▶ _Assignment_:
Every line below between the one holding "Wasser im blauen Schwimmbad foto" and the one holding "Customer Survival Analysis Type", inclusive, should be copied exactly, and no other line.

*** Opening of Available records ***

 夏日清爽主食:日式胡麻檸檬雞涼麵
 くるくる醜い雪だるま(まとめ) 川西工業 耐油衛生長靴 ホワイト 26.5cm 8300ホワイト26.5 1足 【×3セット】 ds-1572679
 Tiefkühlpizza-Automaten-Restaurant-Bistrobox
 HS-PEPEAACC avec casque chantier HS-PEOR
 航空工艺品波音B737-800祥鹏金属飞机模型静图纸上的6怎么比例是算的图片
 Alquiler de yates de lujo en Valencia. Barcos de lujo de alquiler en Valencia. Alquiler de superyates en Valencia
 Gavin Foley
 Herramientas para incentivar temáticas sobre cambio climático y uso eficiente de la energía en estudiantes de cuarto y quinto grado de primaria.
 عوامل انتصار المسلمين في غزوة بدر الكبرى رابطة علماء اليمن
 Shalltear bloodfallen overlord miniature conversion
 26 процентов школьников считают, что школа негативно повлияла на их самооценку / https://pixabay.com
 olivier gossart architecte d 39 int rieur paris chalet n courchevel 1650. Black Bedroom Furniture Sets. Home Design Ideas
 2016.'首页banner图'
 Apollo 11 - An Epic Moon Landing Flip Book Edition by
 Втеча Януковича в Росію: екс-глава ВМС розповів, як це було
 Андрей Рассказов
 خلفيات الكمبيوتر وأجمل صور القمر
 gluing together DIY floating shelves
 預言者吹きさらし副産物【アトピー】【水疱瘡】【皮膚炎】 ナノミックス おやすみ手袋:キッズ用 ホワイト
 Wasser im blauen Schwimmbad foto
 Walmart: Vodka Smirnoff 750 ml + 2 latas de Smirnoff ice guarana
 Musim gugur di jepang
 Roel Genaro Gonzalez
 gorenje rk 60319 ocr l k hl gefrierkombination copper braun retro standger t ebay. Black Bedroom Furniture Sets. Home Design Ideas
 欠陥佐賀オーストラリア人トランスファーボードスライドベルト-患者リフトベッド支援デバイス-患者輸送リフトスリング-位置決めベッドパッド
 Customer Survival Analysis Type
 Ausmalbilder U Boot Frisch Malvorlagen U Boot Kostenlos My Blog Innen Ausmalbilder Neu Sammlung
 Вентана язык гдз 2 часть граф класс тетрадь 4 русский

*** Close of Available records ***

▶ _Answer_:
 Wasser im blauen Schwimmbad foto
 Walmart: Vodka Smirnoff 750 ml + 2 latas de Smirnoff ice guarana
 Musim gugur di jepang
 Roel Genaro Gonzalez
 gorenje rk 60319 ocr l k hl gefrierkombination copper braun retro standger t ebay. Black Bedroom Furniture Sets. Home Design Ideas
 欠陥佐賀オーストラリア人トランスファーボードスライドベルト-患者リフトベッド支援デバイス-患者輸送リフトスリング-位置決めベッドパッド
 Customer Survival Analysis Type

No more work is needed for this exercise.